Yes, this is the kind of thing I was suggesting. But there are also games now where if you fail a setpiece a few times it pops up an option asking gently if you would like to skip this bit and pretend you managed it.
 

Sad story. Reminds me of the TikTok lady who committed suicide after being endlessly harassed online because she was arrested for sitting, fully dressed, on a vibrator in public. I mean, yeah, don't do that, I guess, but I'm not sure she should have actually been arrested, and the Internet's reaction was appalling.
 
Reminds me of the TikTok lady who committed suicide after being endlessly harassed online because she was arrested for sitting, fully dressed, on a vibrator in public. I mean, yeah, don't do that, I guess, but I'm not sure she should have actually been arrested, and the Internet's reaction was appalling.
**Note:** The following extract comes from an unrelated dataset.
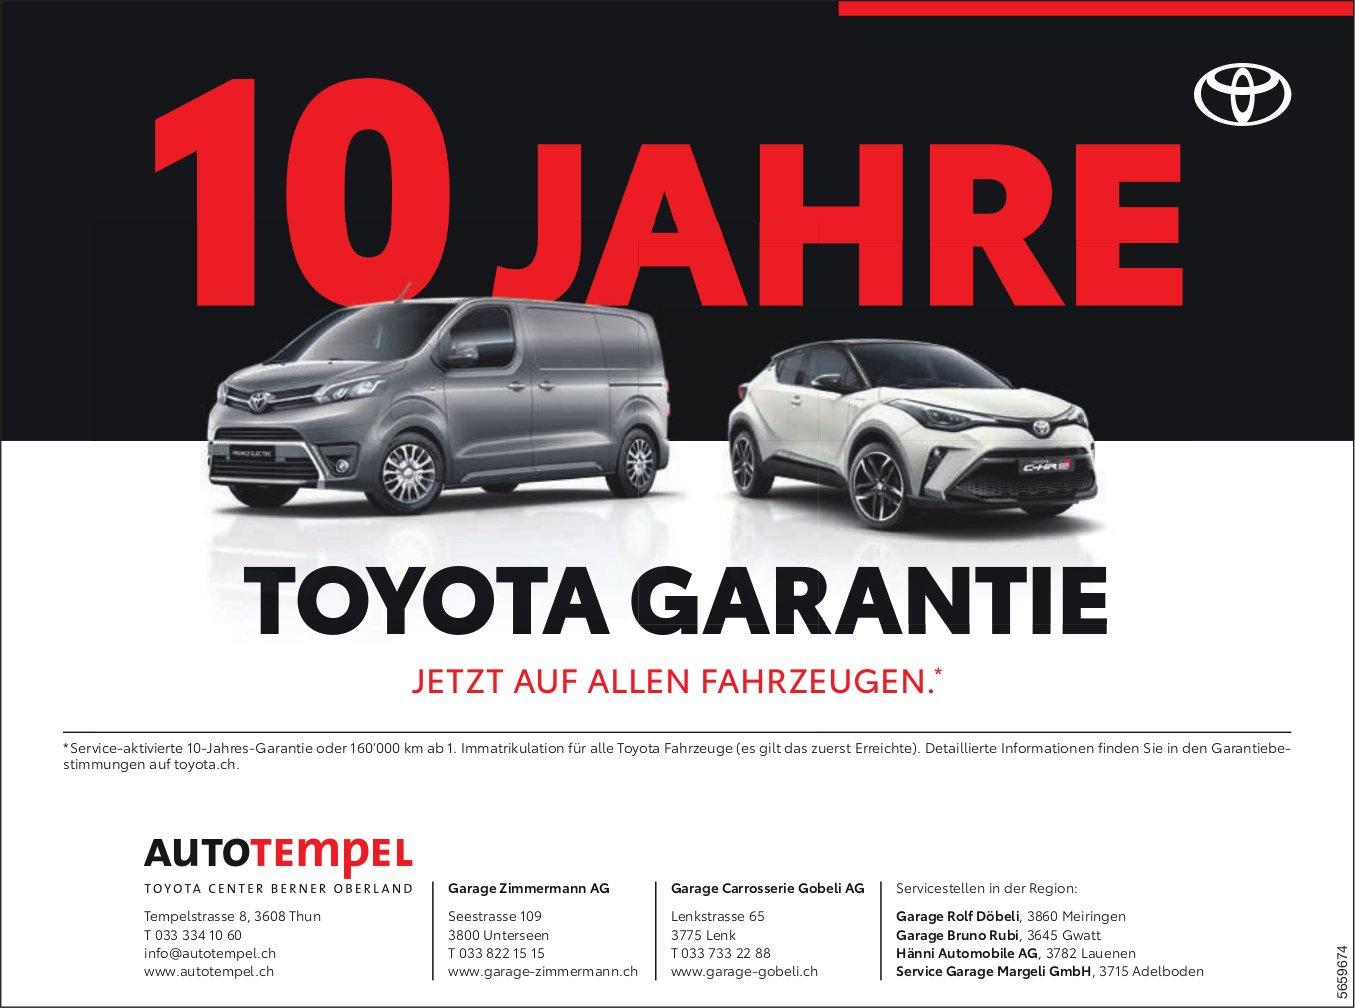 Autotempel AG, Thun - 10 Jahre Toyota Garantie

Do you mean the beach lady, Christina Revels-Glick? If so, she wasn't merely “sitting, fully dressed on a vibrator in public”. She was in swimwear and masturbating loudly enough for nearby families with young children to hear her orgasmic moaning and call the police. Indecent exposure in a public place is a crime in any jurisdiction. She was a drug user with severe mental health problems who had had many prior arrests and convictions. Her suicide came eight months after the arrest and over a year and a half before the bodycam video was released and went viral. Her family say her suicide was not connected to the arrest, which for her was just one among many, but to her underlying problems. She never even saw the internet's reaction to her arrest video.